I just implemented in Picoquic the new ACK processing algorithm (proposed for QUIC multipath)[https://github.com/quicwg/multipath/pull/217], which processes ACK independently of the path over which they arrive. It looked good, but there was an interesting regression. The tests that simulated transmission over satellite links were failing. The previous version showed a file transfer concluding in less than 7 seconds, but the with the new version it took about 10 seconds. That was strange, since the only changed was the computation of the round trip time, and the logs showed that both versions computed the same value. To solve that, I had to take a look at traces captured in log files. The traces of the new execution looked reasonable, as shown in this graph:
We see the transmission accelerating steadily, just as expected from an implementation of the slow-start algorithm. The curve is very smooth. The congestion window double once per RTT, until it becomes large enough to saturate the simulated link, after about 7.5 seconds. And then there is a tail of transmission, including retransmission of packets sent at the end of the slow start period, for a total duration of almost 10 seconds. But the previous version was actually completing the transfer much faster, as seen in this other graph:
Spot the difference? The old curve was not as smooth. We see a series of segments at progressively higher speed, often starting with a vertical line that indicates many packets sent in quick successions. These packet trains will be received by the other end at close to line speed, and the arrival of ACKs will reflect that speed. Picoquic uses that information to compute an estimate of the path capacity. This allows the congestion window to grow much faster than the regular slow start algorithm, allowing the whole transmission to last fewer than 7 seconds. But what did this not happen in the new variant?

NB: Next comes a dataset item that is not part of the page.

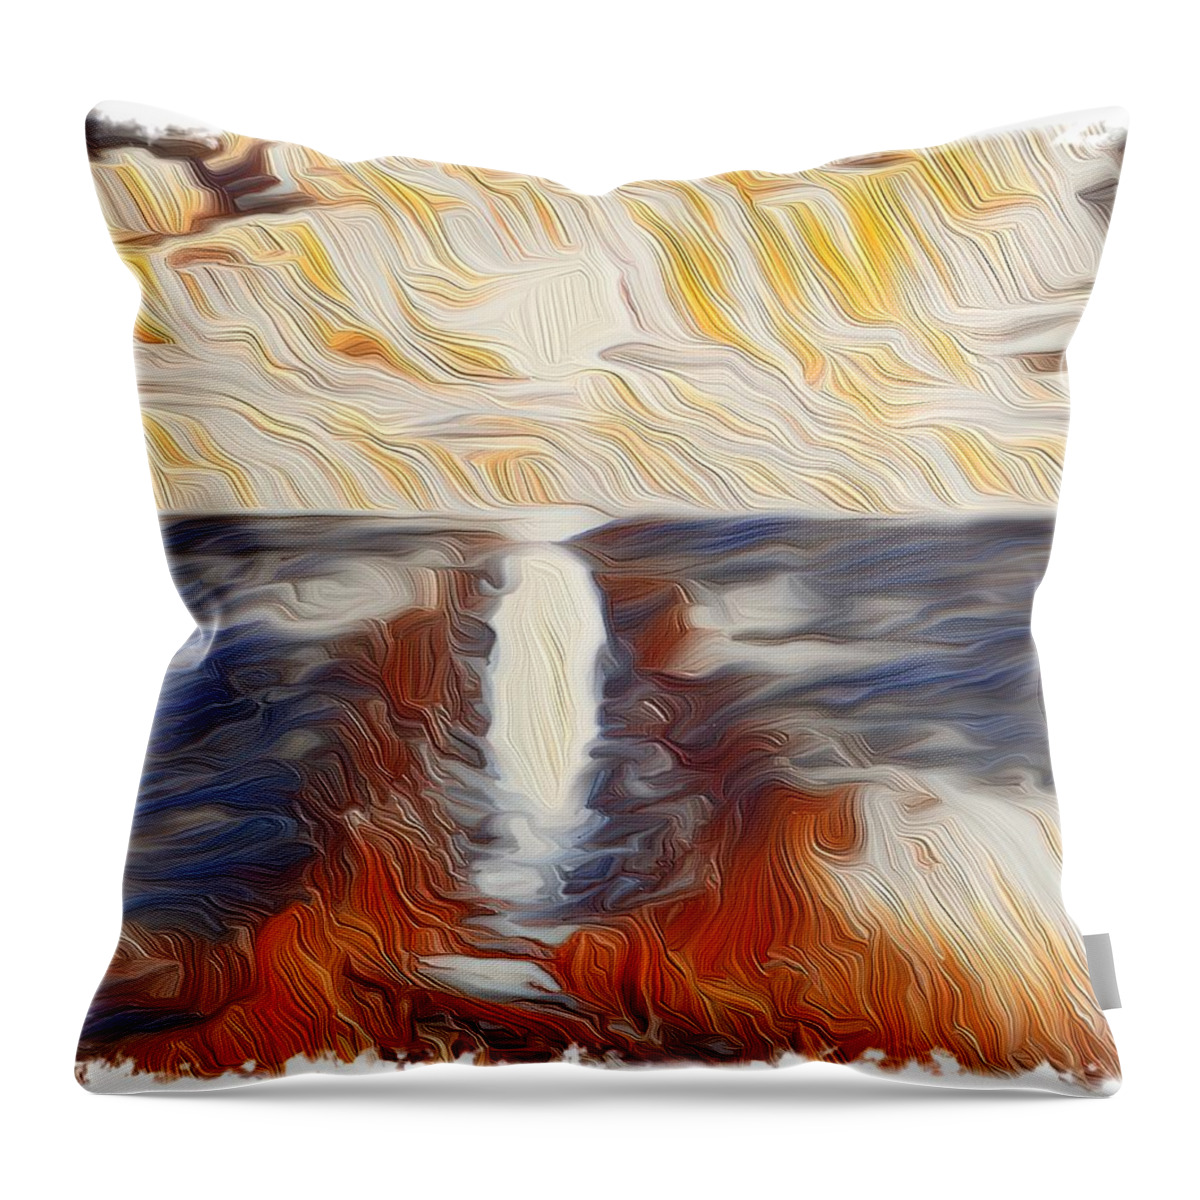  Throw Pillow featuring the mixed media Japanese Beach by Bencasso Barnesquiat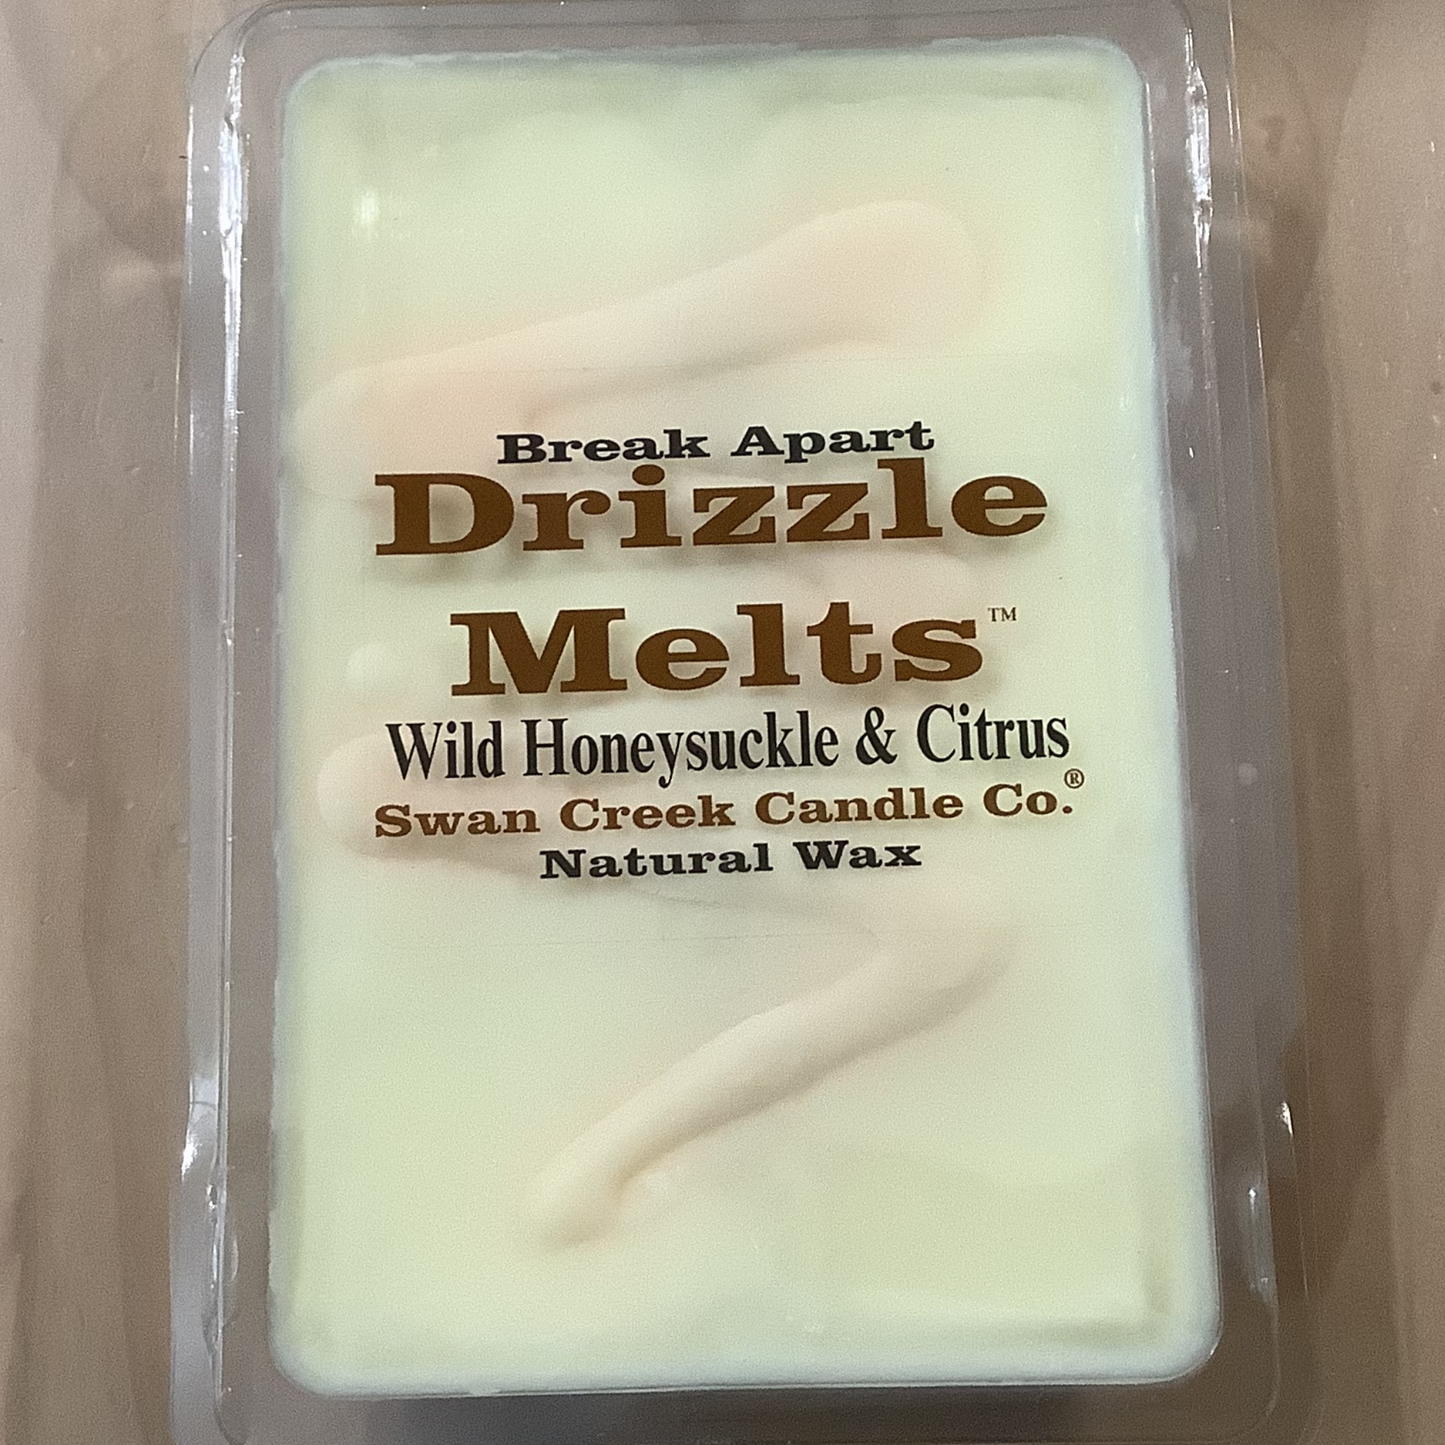 Wild Honeysuckle & Citrus Drizzle Melts

If you compare the very beginning of the two curves, you will notice the small vertical lines at the beginning of each new roundtrip period in the old curve. They are missing in the new curve. It is hard to point the exact cause, but some detail changed, and then the whole behavior changed. That reminded me of the old story about a butterfly flapping its wings on a Pacific Island, and next thing you know there is a typhoon approaching Hawaii. There was no butterfly here, just probably a tiny change in the timing and sequence of packets, but then the connection fell in a pattern where pacing enforce a form of ACK clocking, and the code never had a chance to properly estimate the bandwidth of the path.
I fixed it by forcing a pacing pause if the bandwidth estimation fails during slow start. The transmission only restarts after enough pacing credits have been accumulated for sending a long enough train. With that, the tests do complete in less than 7 seconds. But I am glad that the tests exposed the issue, which was indeed a bug. The butterfly flapping its wing and causing a typhoon is a metaphor of chaotic systems, in which tiny changes can have unforeseen consequences. The code behavior exposed here was chaotic, and that’s not good. Code should be predictable, and behavior should never be left to chance!